On Tuesday morning, The New York Times filled a seven-month vacancy and announced the hiring of a new spokesman. Bob Christie, a seven-year veteran as spokesman for The Wall Street Journal, will be the Times Company’s senior vice president of corporate communications starting March 22.
In the increasingly visible war between The Times and The Journal, score a point for The Times! Mr. Christie’s defection comes in the midst of a bitter war between the two papers, as The Journal prepares a New York section to launch on April 12.
But it may be a score in a more meaningful way for Arthur Sulzberger Jr.

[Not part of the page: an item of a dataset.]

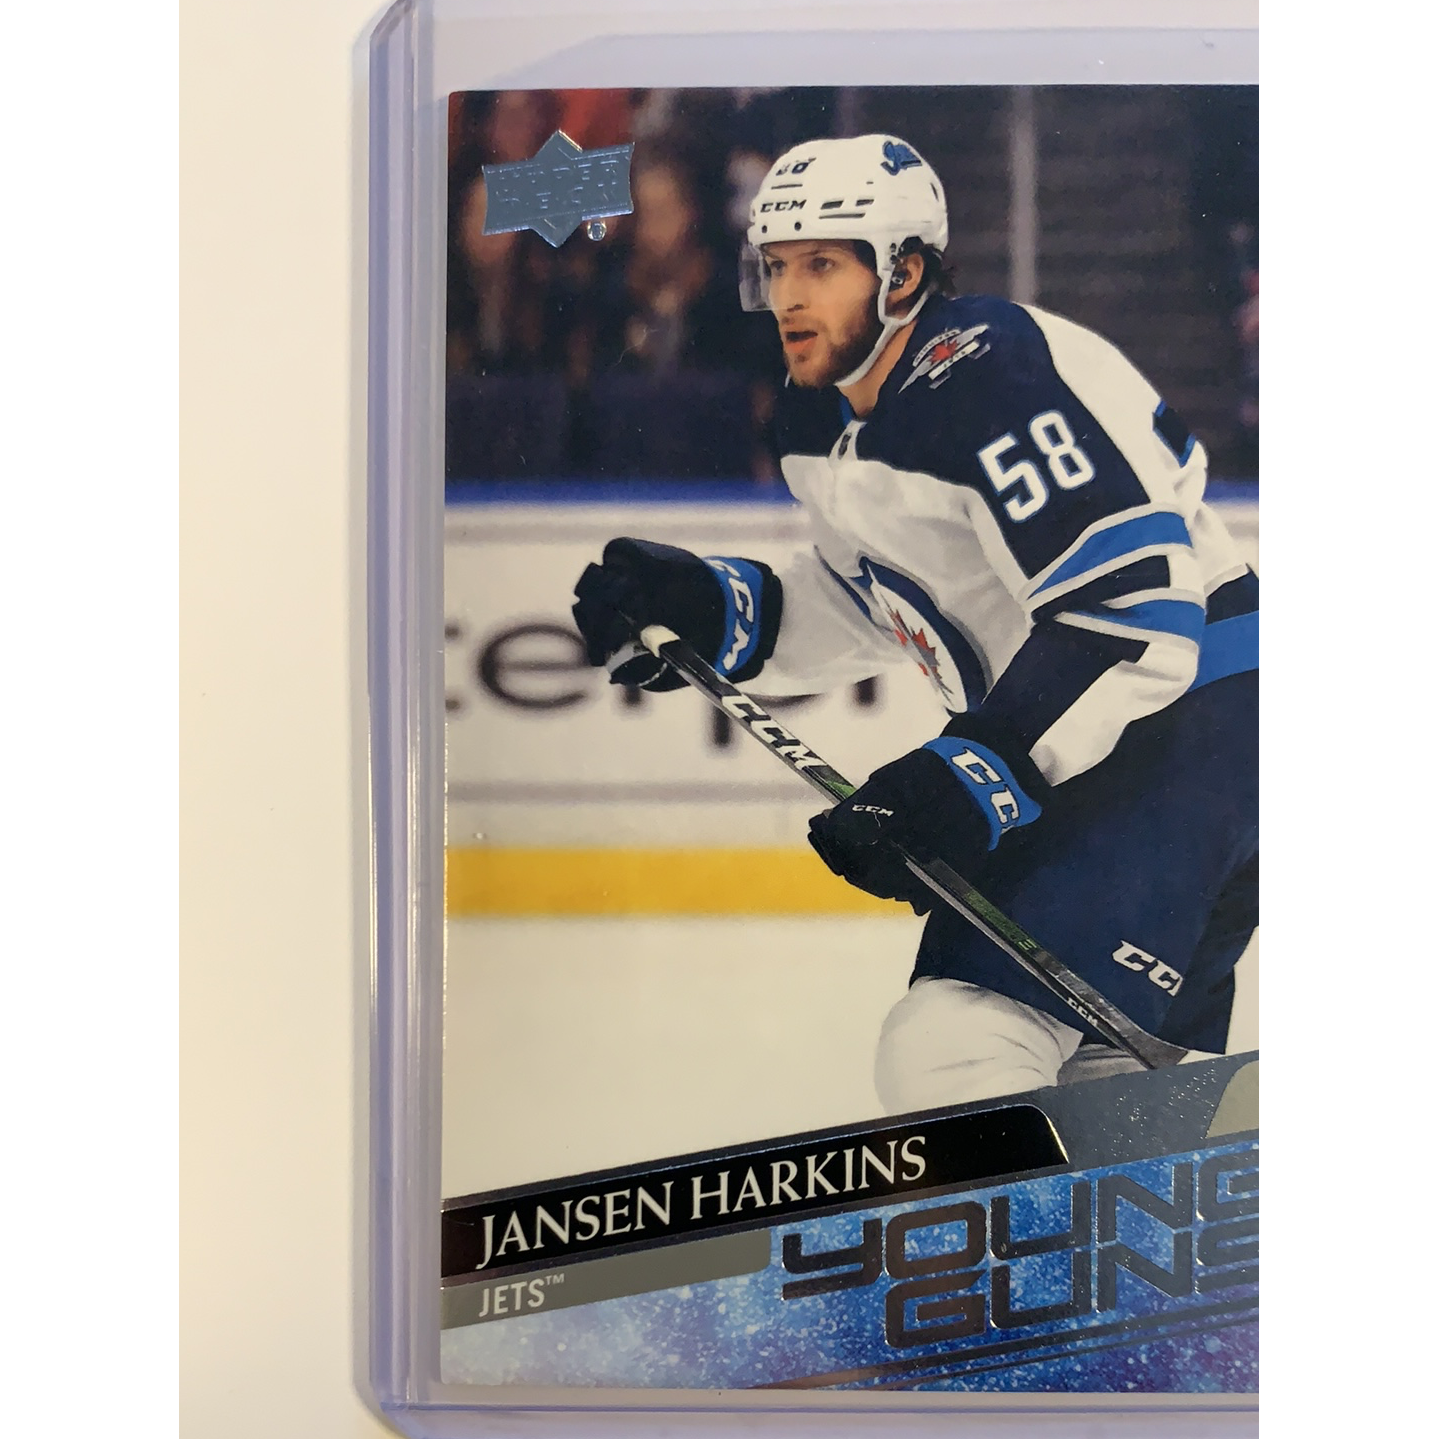  2020-21 Upper Deck Series 1 Jansen Harkins Young Guns  Local Legends Cards & Collectibles

In recent years, as revenues have eroded and bad press has piled on, the paper’s PR strategy, which was led by Catherine Mathis, then the communications director, hasn’t been entirely clear.
The Times has always seemed most comfortable with a posture of dignified silence when a bit of bad press came at it. After all, at the end of the day, The New York Times is The New York Times. No comment, thank you very much, even if we are a newspaper.
But in an age of partisan screaming and endless sniping on the Web, keeping to itself hasn’t done much to shield the Times brand name.
In 2008, after the paper published its famously opaque Vicki Iseman–John McCain story, the paper stayed quiet. And for that, The Times was roundly ridiculed on the Web and on television. The narrative seemed established: The Times blew it. Bill Keller later told his staff he regretted sitting on his hands.
And yet, little changed. In 2009, after The Atlantic and Vanity Fair each wrote fairly blistering commentaries on the State of The Times, the paper responded, however awkwardly, with responses in the Letters to the Editor section in each magazine. The Times felt compelled to dignify the stories with a response after the fact, but still, letters to James Bennet and Graydon Carter don’t appear to be the most brass-knuckled tactic in defending the paper’s good name.
At a meeting last spring, when reporters directed questions to the company’s executives, a metro reporter wondered why The Times was slow to respond to negative coverage. Ms. Mathis grabbed the microphone and said she was working on a charm offensive with media reporters like Vanity Fair’s Michael Wolff. When we contacted Mr. Wolff to ask him about it, he said he had barely heard from her
Ms. Mathis also said she was hard at work putting more reporters on television. The best way for the people to know The Times is to know its reporters, she argued.
When The Times opened its doors and let the world take a look at its news operation a month after that meeting, it was in an interview with Jason Jones of The Daily Show. The appearance was a widely panned debacle. Two months later, Ms. Mathis left The Times for a job at Standard & Poor’s.
Will Mr. Christie be able to bring a coherent press-relations policy to The Times? Mr. Christie said he didn’t want to comment on his new job until he gets there, but there are signals that he may be able to get things under control. Mr. Christie is a veteran of rough press—he oversaw The Journal’s communications during the Rupert Murdoch takeover, and its aftermath—and he was well known and well liked within the Journal newsroom. The same could not be said of Ms. Mathis, whom reporters and editors seemed to know in passing, if at all.
Plus, it doesn’t hurt that Mr. Christie might be able to reveal a few secrets about The Times’ biggest enemies in the press these days, Rupert Murdoch and Robert Thomson.